-- Dataset extract follows --

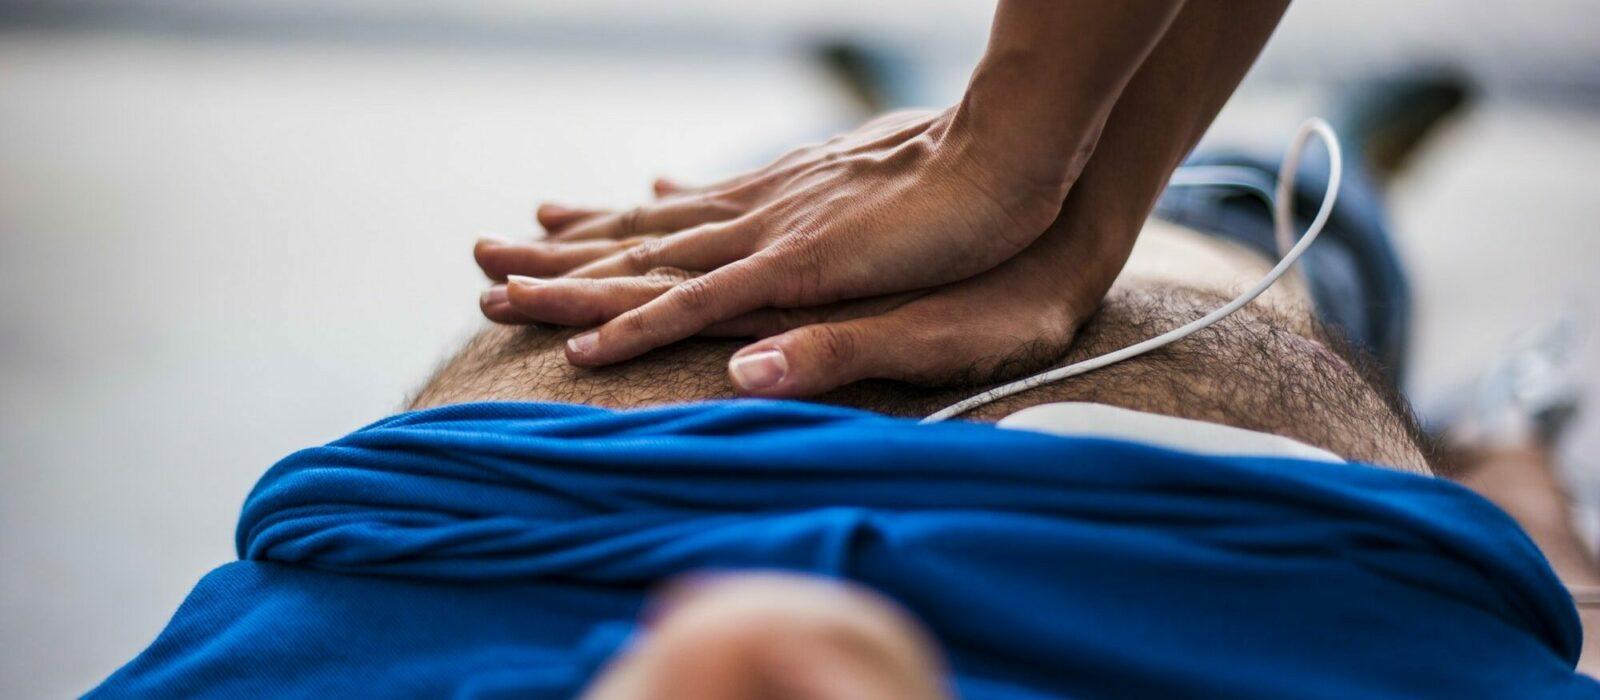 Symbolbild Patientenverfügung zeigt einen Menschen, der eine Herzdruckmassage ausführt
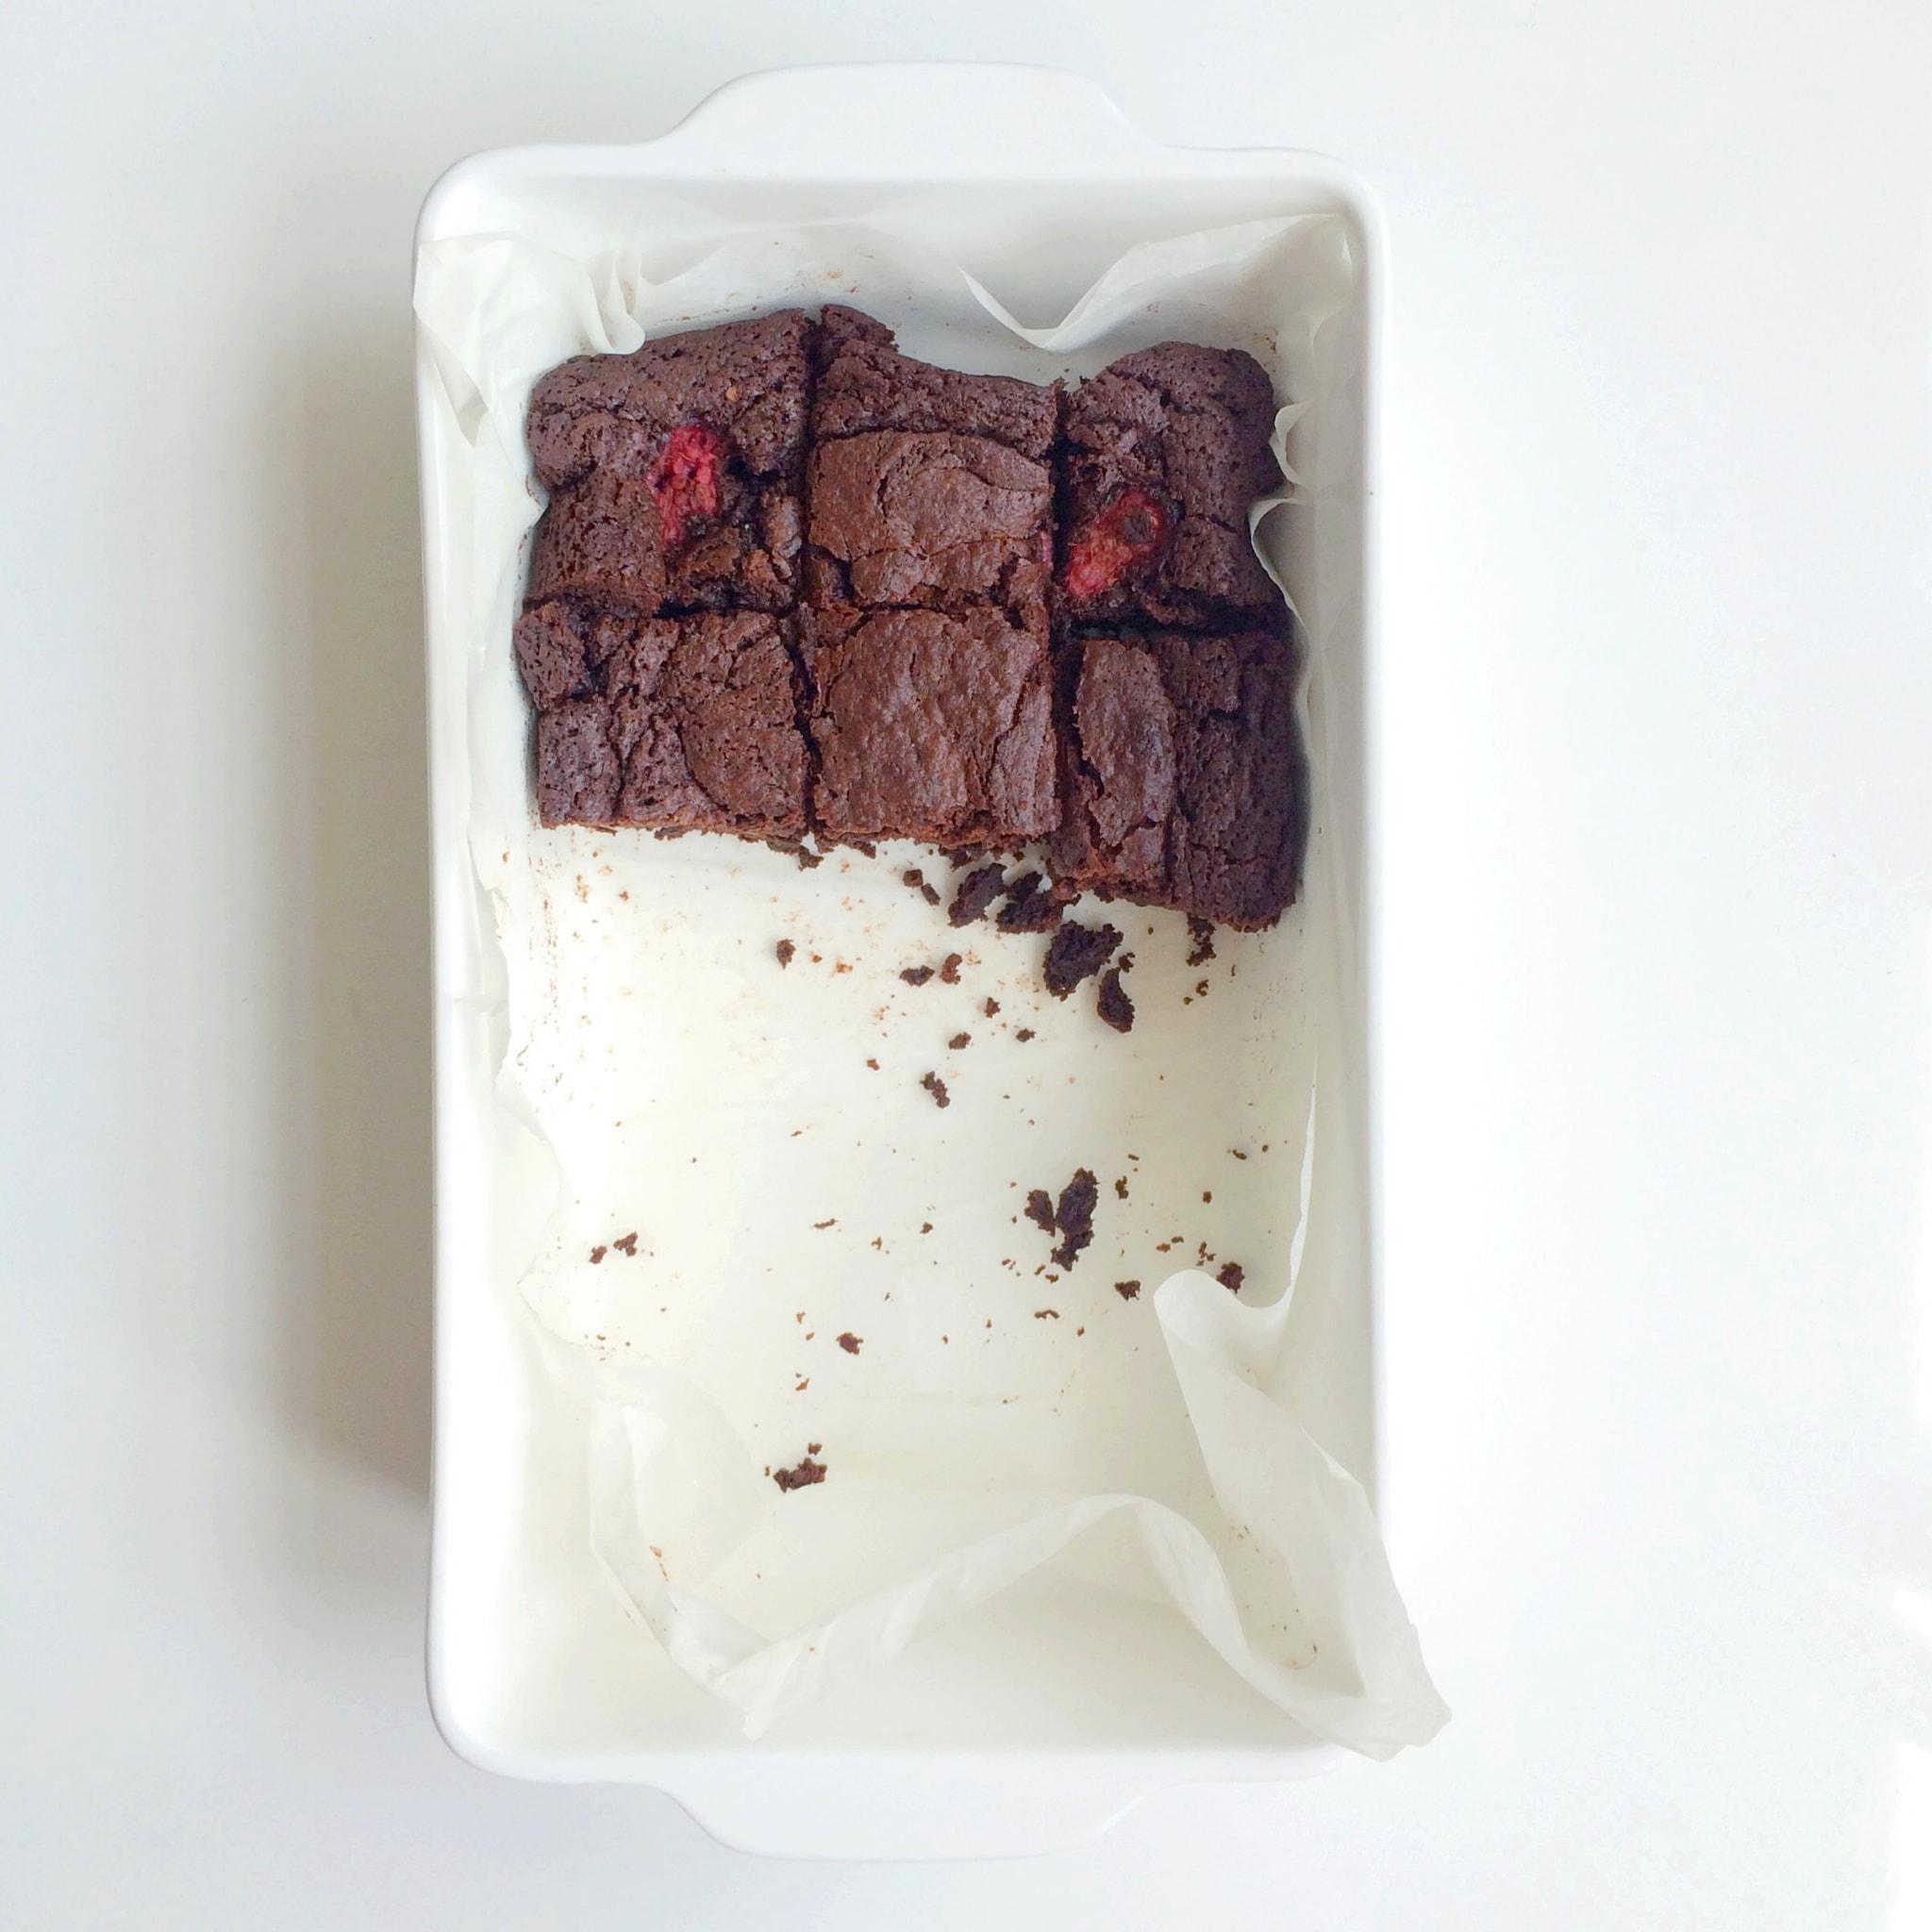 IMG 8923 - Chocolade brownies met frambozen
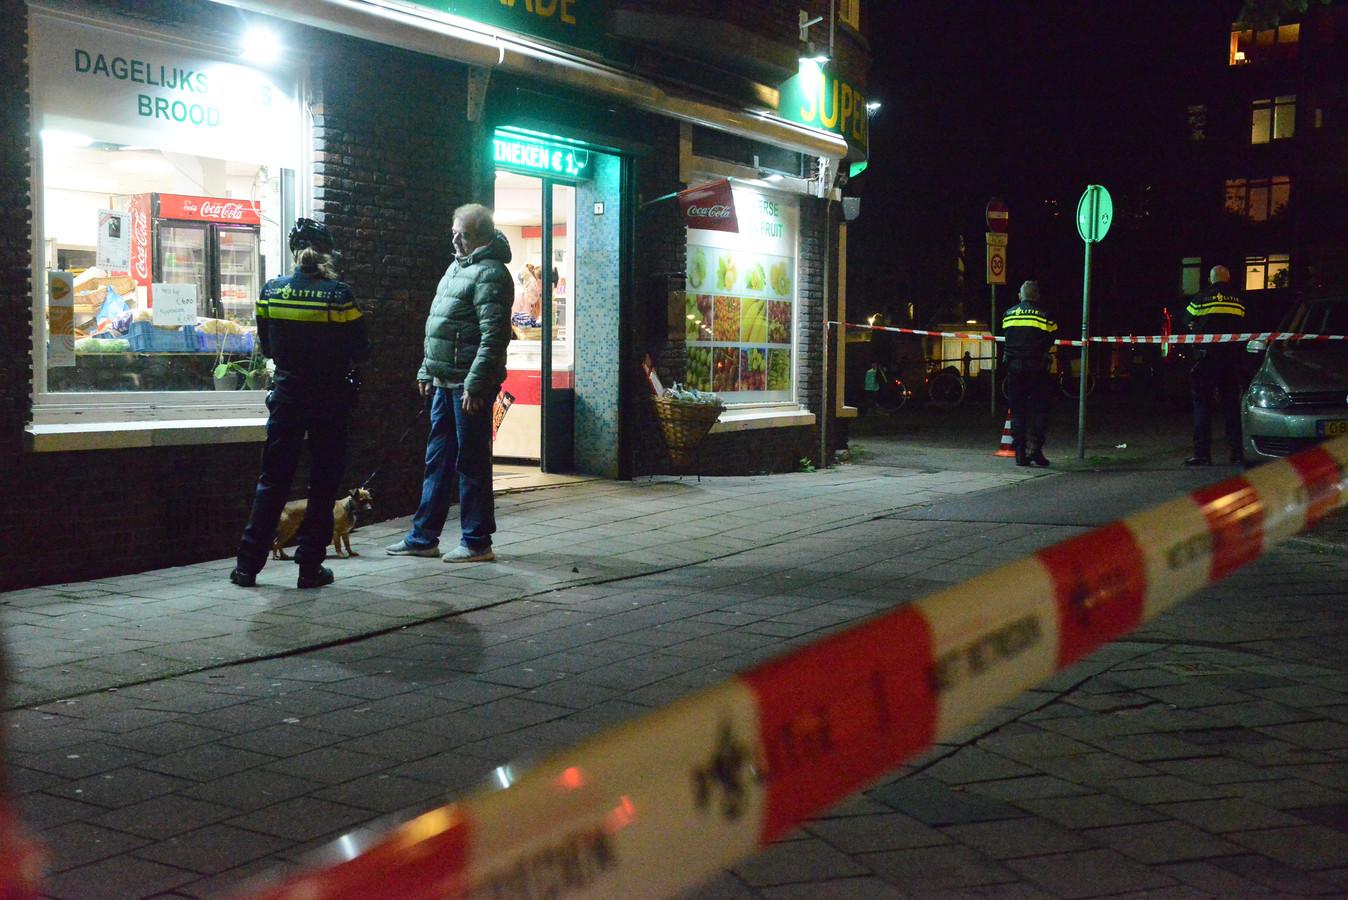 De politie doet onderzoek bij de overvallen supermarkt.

-- Dataset extract concluded --

### Exercise
The answer must be the full listing, restated word for word, with no pictures in it.

### Task output
 Symbolbild Patientenverfügung zeigt einen Menschen, der eine Herzdruckmassage ausführt
 IMG 8923 - Chocolade brownies met frambozen
 De politie doet onderzoek bij de overvallen supermarkt.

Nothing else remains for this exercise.